Then we’ll subset our occurrences to only those for Diplocaulus:

# Subset to desired group
tetrapods <- subset(tetrapods, genus == "Diplocaulus")

Now, let’s plot those occurrences on a world map. Here we use the {geodata} and {raster} packages to generate the map. Then we add colored points on top of this. Note that we use alpha = 0.75 in case there are multiple occurrences in the same place. That way, the darker the color, the more occurrences in that geographic location.

# Plot map
map("world", col = "lightgrey", fill = TRUE)
# Plot points
points(x = tetrapods$lng, y = tetrapods$lat, cex = 2, pch = 16,
       col = rgb(red = 0, green = 0, blue = 1, alpha = 0.75))
plot of chunk base-geog-plot-1

plot of chunk base-geog-plot-1

Now, as with the penguin figure above, we can easily replace those points with silhouettes.

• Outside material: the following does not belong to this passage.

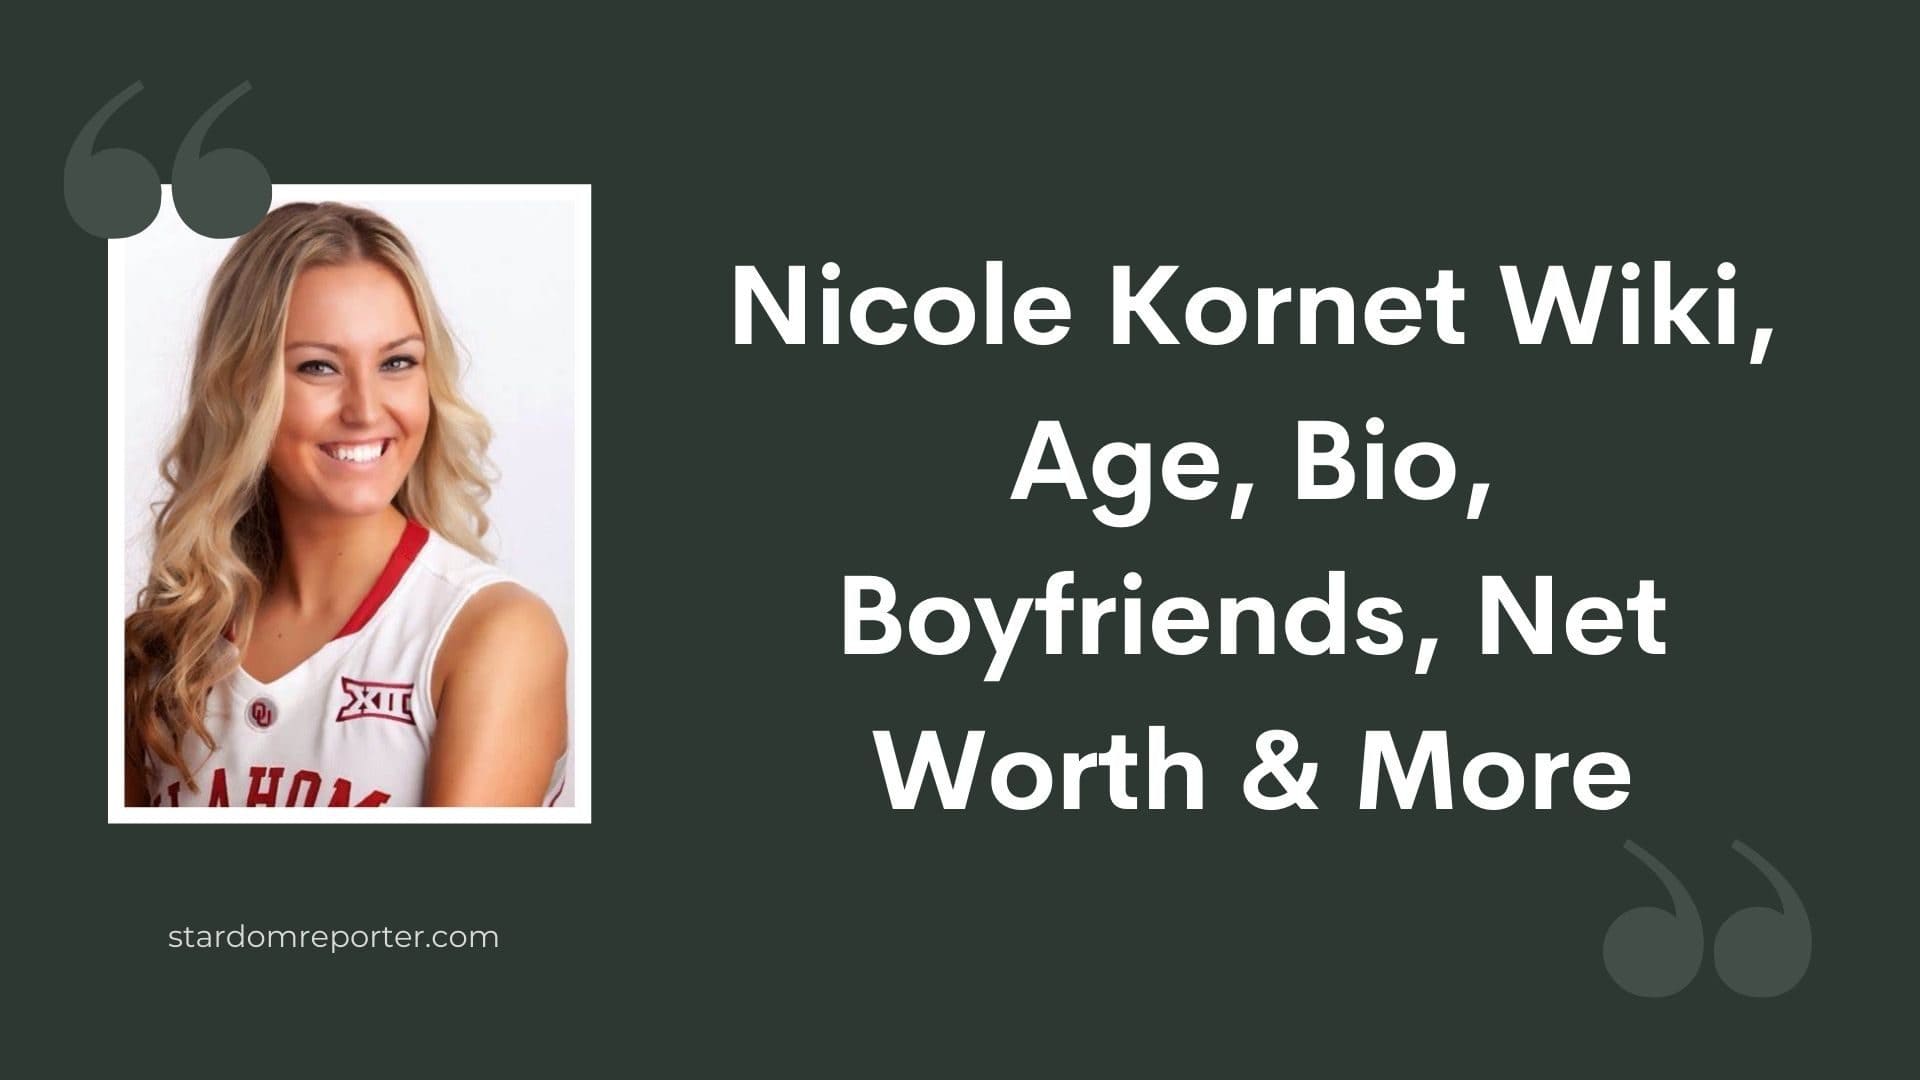 Nicole Kornet Wiki, Age, Bio, Boyfriends, Net Worth & More - 11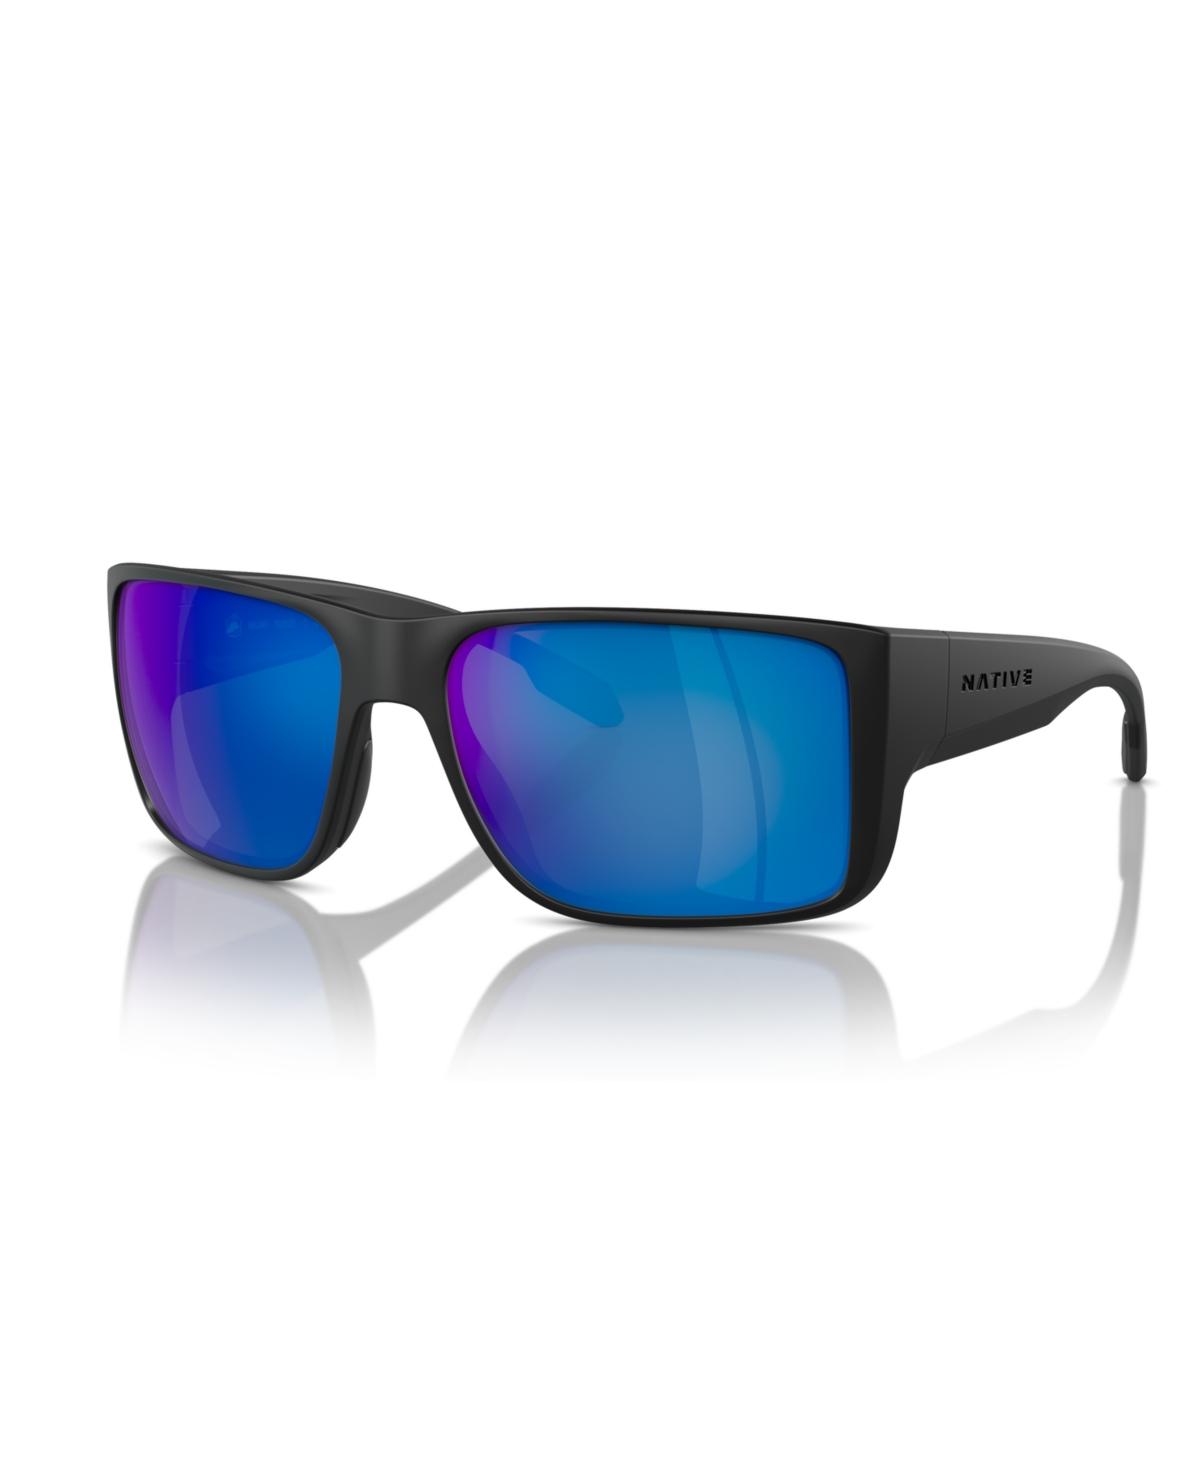 Men's Polarized Sunglasses, Badlands Xd9045 - Matte Black, Gray

map("world", col = "lightgrey", fill = TRUE)
add_phylopic_base(name = "Diplocaulus", x = tetrapods$lng, y = tetrapods$lat,
                  height = 8, fill = "blue", alpha = 0.75)
plot of chunk base-geog-plot-2

plot of chunk base-geog-plot-2

Snazzy!

Note that we used the genus name as the name argument here. However, if we were plotting occurrences of multiple genera, we’d definitely want to plot them as different silhouettes using name = tetrapods$genus.

Phylogenetics

Another common use case of PhyloPic silhouettes is to represent taxonomic information. In this example, we demonstrate how to use silhouettes within a phylogenetic framework. In this case, the phylogeny, taken from the {phytools} package, includes taxa across all vertebrates. Even many taxonomic experts are unlikely to know the scientific names of these 11 disparate taxa, so we’ll replace the names with PhyloPic silhouettes. First, let’s load our libraries and data:

# Load libraries
library(rphylopic)
library(ggplot2)
library(phytools)
# Get vertebrate phylogeny and data
data(vertebrate.tree)

We can use a vectorized version of the get_uuid() function to retrieve UUID values for all of the species at once. However, just in case we get an error, we wrap the get_uuid() call in a tryCatch() call. This way, we should get either a UUID or NA for each species:

# Make a data.frame for the PhyloPic names
vertebrate_data <- data.frame(species = vertebrate.tree$tip.label, uuid = NA)
# Try to get PhyloPic UUIDs for the species names
vertebrate_data$uuid <- sapply(vertebrate.tree$tip.label,
                               function(x) {
                                 tryCatch(get_uuid(x), error = function(e) NA)
                               })
vertebrate_data
##                   species                                 uuid
## 1  Carcharodon_carcharias 00f208a3-887d-4ae8-838c-2124f53b9fc1
## 2       Carassius_auratus abcb9d2c-db21-4b63-b8e7-b770b11ad288
## 3     Latimeria_chalumnae 12c38a8a-6d68-4af3-ada3-05cafdfc25c2
## 4            Homo_sapiens 9c6af553-390c-4bdd-baeb-6992cbc540b1
## 5             Lemur_catta 8a187391-82a3-4d9b-a402-3a310bf7dc38
## 6        Myotis_lucifugus                                 <NA>
## 7              Sus_scrofa 3d8acaf6-4355-491e-8e86-4a411b53b98b
## 8  Megaptera_novaeangliae 012afb33-55c3-4fc6-9ae3-3a91fda32fd5
## 9              Bos_taurus dc5c561e-e030-444d-ba22-3d427b60e58a
## 10          Iguana_iguana 5dec03d9-66a2-4033-b1a9-6dbb3485199f
## 11     Turdus_migratorius 83b29bf0-f4f9-412d-8b3b-7faf4febd69d

Oh no, we weren’t able to find a silhouette for Myotis lucifugus (little brown bat)! Good thing we used tryCatch()! Given the coarse resolution of this phylogeny, we can just grab a silhouette for the subfamily (Vespertilioninae):

vertebrate_data$uuid[vertebrate_data$species == "Myotis_lucifugus"] <-
  get_uuid("Vespertilioninae")

I’m also not a huge fan of the boar picture. Let’s choose an alternative with pick_phylopic().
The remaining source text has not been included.